GLMM is a further extension of GLMs that permits random effects as well as fixed effects in the linear predictor.

Fix Effect vs Random Effect

Fix effects are parameters that describe a factor’s effects. They apply to all categories of interest, e.g. genders, treatments. By contrast, random effects apply to a sample.

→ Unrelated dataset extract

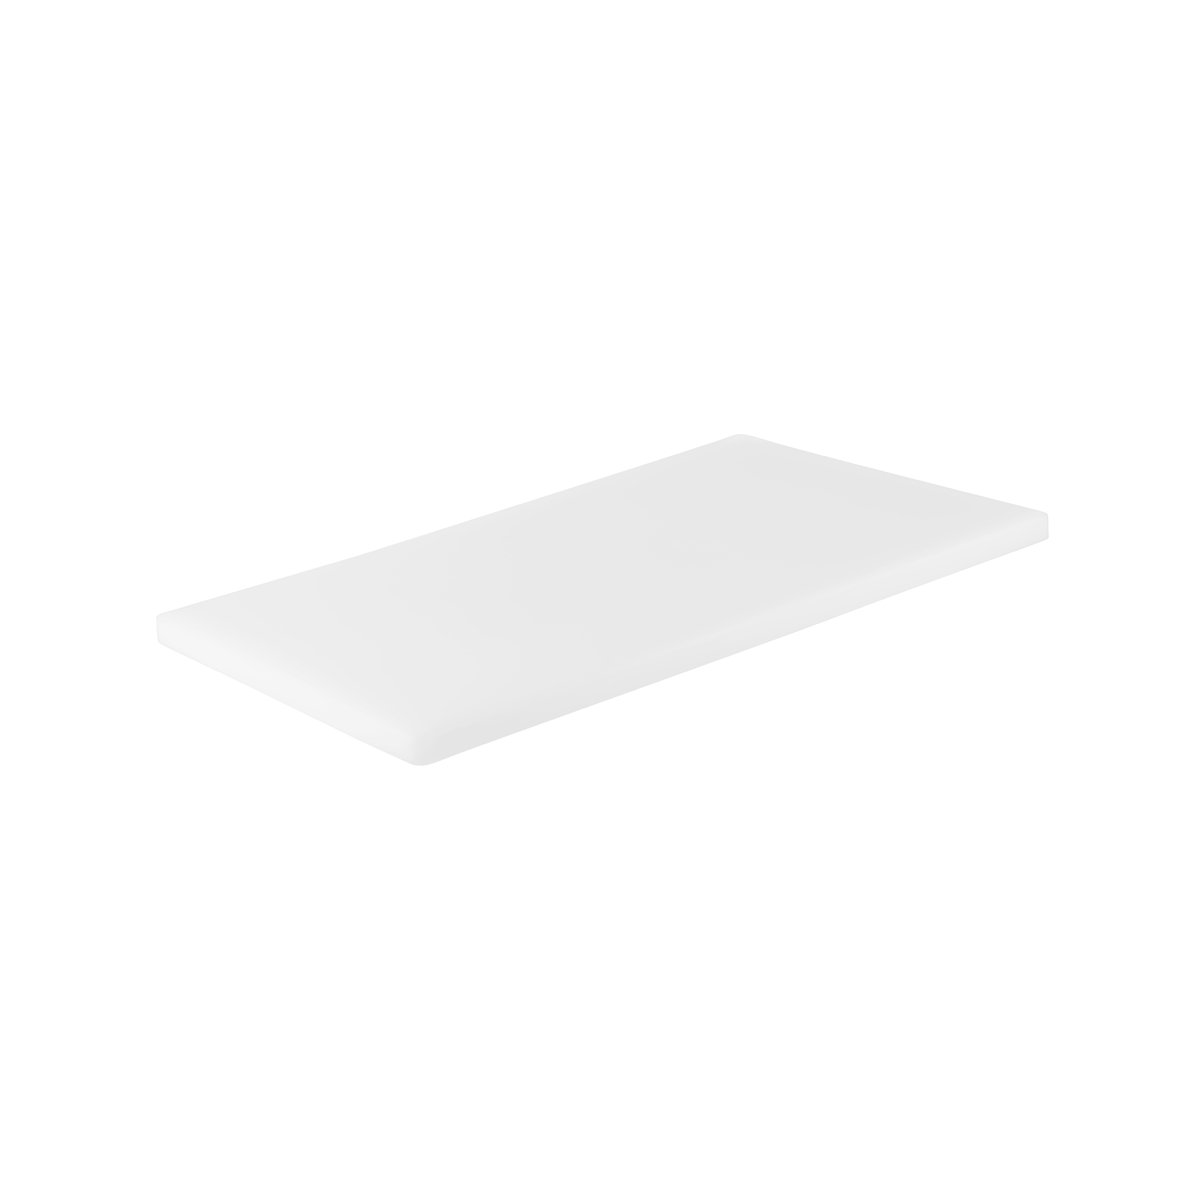 04321 Chef Inox Cutting Board Polyethylene White 380x510x12mm Tomkin Australia Hospitality Supplies

For a study with repeated measurements of subjects, for example a cluster is a set of observations for a particular subject, and the model contains a random effect term for each subject.

Recall that in OLS:

Fixed effect

\(Y = \alpha + \beta X\)

Random effect

\(Y_i = \alpha_i + \beta X_i\)

Random Intercept Model

This is the most common random effect model. Let \(u_i\) denote the random effect for cluster i, \(y_{it}\) denote observation t in cluster i, \(x_{it}\) be the value of the explanatory variable for that observation.

With link function g(·), the GLMM has the form"

\(g(\mu_{it} )= u_i + \beta x_{it}, \;\;\;\;\;\; i =1, ... ,n,t =1,...,T\)

The random effect \(u_i\) is a random variable, \(u_i \sim N(\alpha,\sigma^2)\), where \(\alpha\) and \(\sigma^2\) are unknown. \(\sigma^2\) is referred to as a variance component.
Each cluster has its own effect.
This model implies a non-negative correlation between observations within a cluster.
Conditional on \(u_i\), this is a GLM.

Why not use a fixed effect for each cluster? If a study has a large number of clusters, a fixed effect will have a lot of parameters. With \(u_i\) as random effects, it only add a single parameter \(\sigma\).

Using this model, we can get the mean of particular clusters. \(\sigma^2\) reflects the variability among clusters. Sometimes the variability might be caused by not including certain explanatory variables that are associated with the response.

Logistic-Normal Models

Suppose observation t in cluster i has binary response \(y_{it}\), consider the logistic regression model with random effect \(u_i\)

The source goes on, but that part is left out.